Composição: juntar duas ou mais palavras. "Platô" + "terno" = "platô-terno" não é o exemplo, mas "guarda-chuva" é. Aqui o substantivo composto pode ou não ser considerado derivado dependendo da abordagem, mas na análise morfológica padrão, composição gera substantivos compostos, não derivados no sentido estrito.

O problema real que ninguém conta

A maior dificuldade não é decorar os tipos. É identificar quando uma palavra realmente é primitiva ou se ela veio de outra que já não se usa mais no vocabulário atual. Palavras como "azulejo" parecem primitivas, mas vêm do árabe "az-zulayj". Para fins de análise morfológica no português, trata-se como primitiva, mas a origem é estrangeira.
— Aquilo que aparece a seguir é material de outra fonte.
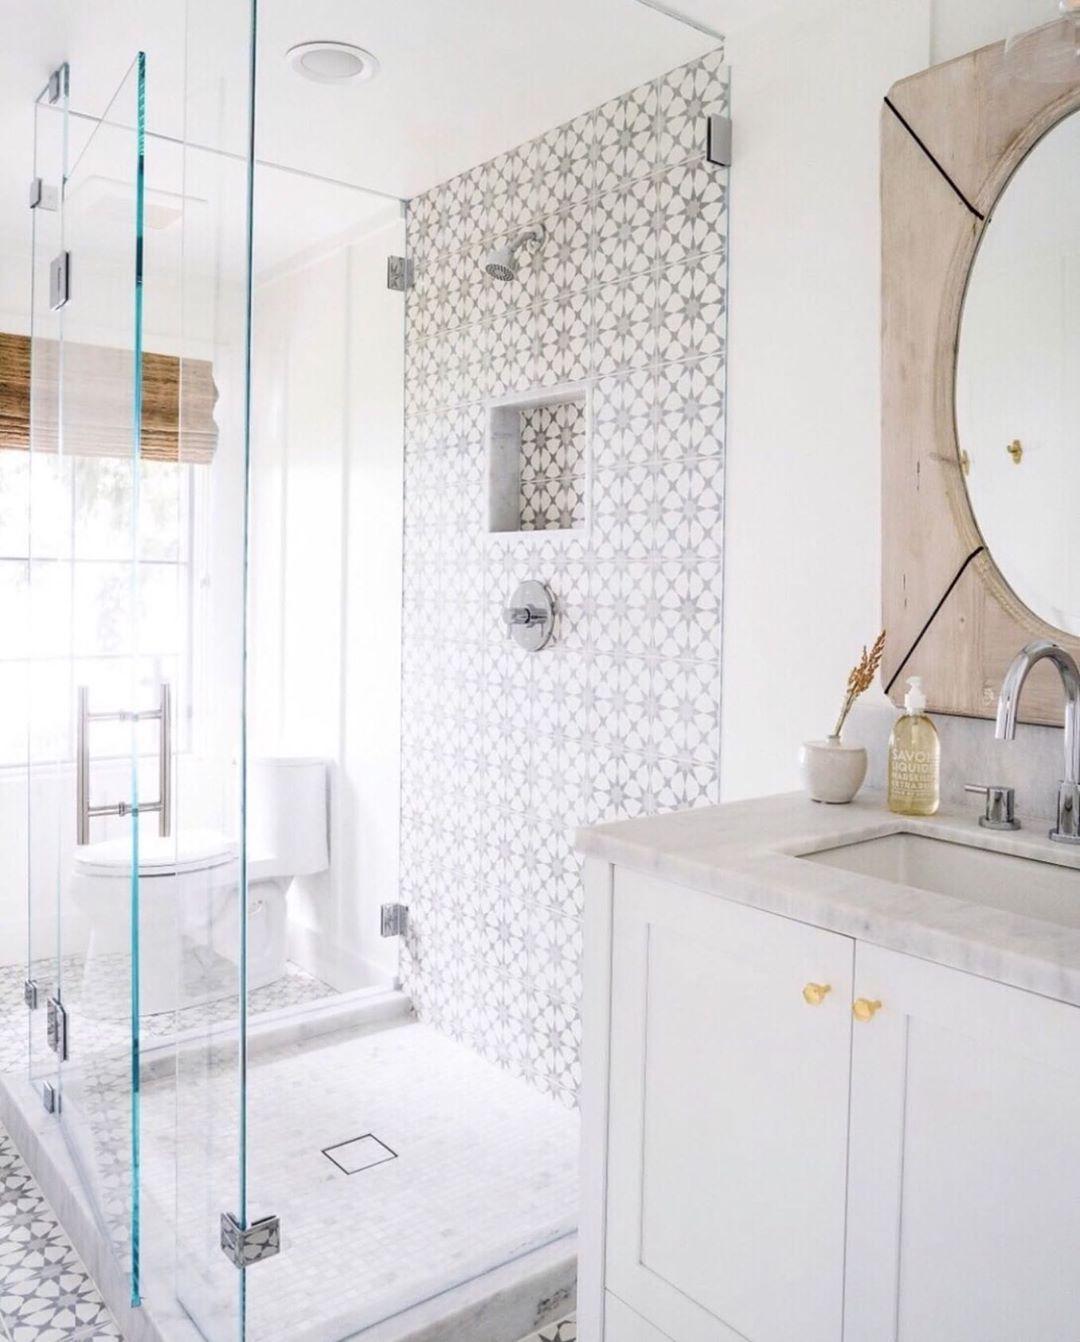 11 Pretty Bathroom Design Ideas For Home Pretty Bathrooms Bathroom Design Design

Isso importa? Depende do contexto da questão. Outro problema: derivação imprópria. Uma palavra muda de classe gramatical sem afixo. "Rio" é substantivo. "O rio corre" — aí "rio" pode funcionar como adjetivo em contextos específicos? Não exatamente, mas "doce" é substantivo (o doce) e também adjetivo (comida doce). Isso não é derivação, é conversão. E prova gosta de confundir esse conceito com derivação regressiva.

Minha tática quando fico em dúvida é voltar pro dicionário etimológico. O Dicio ou o Etimo resolvem 90% dos casos. Se a palavra tem registro de formação afixal no português, é derivada. Se não tem registro e não carrega afixo ativo, é primitiva.

Exemplos práticos para fixar

Caminho primitivo. Caminhoneiro derivado (caminho + onheir + o). Infância derivado de "infante" com sufixo "-ância". Leitura derivado regressivo de "ler". Floricultura derivado parassintético? Não. "Flor" é primitivo, "-icultura" é sufixo. Então é derivação sufixal com composição de radicais, basicamente. Beleza derivado de "belo" com sufixo "-eza". Belíssimo derivação prefixal e sufixal de "belo". Sempiterno "sem-" + "peterno". "Petrino" não existe como palavra isolada no português contemporâneo, então "sempiterno" é composição, não derivação.

Regra de ouro que ninguém menciona: se a base não existe mais como palavra autônoma no português, o processo não é derivação, é composição ou empréstimo. Isso separa amador de quem entende o assunto.

Quando esse sistema falha

O modelo de primitivo e derivado não cobre tudo. Palavras de origem onomatopeica, estrangeiras sem adaptação morfológica clara, e termos técnicos de áreas específicas frequentemente escapam da classificação. "Bluetooth" não é primitivo nem derivado no sentido tradicional. É um nome próprio virou marca virou termo técnico. A análise morfológica padrão simplesmente não se aplica. Para uso acadêmico ou concursoso, o modelo funciona bem. Para análise linguística séria, você precisa recorrer à morfologia lexical e aos estudos de formação de palavras da tradição generativa. O conhecimento escolar é um pontapé inicial, não a palavra final.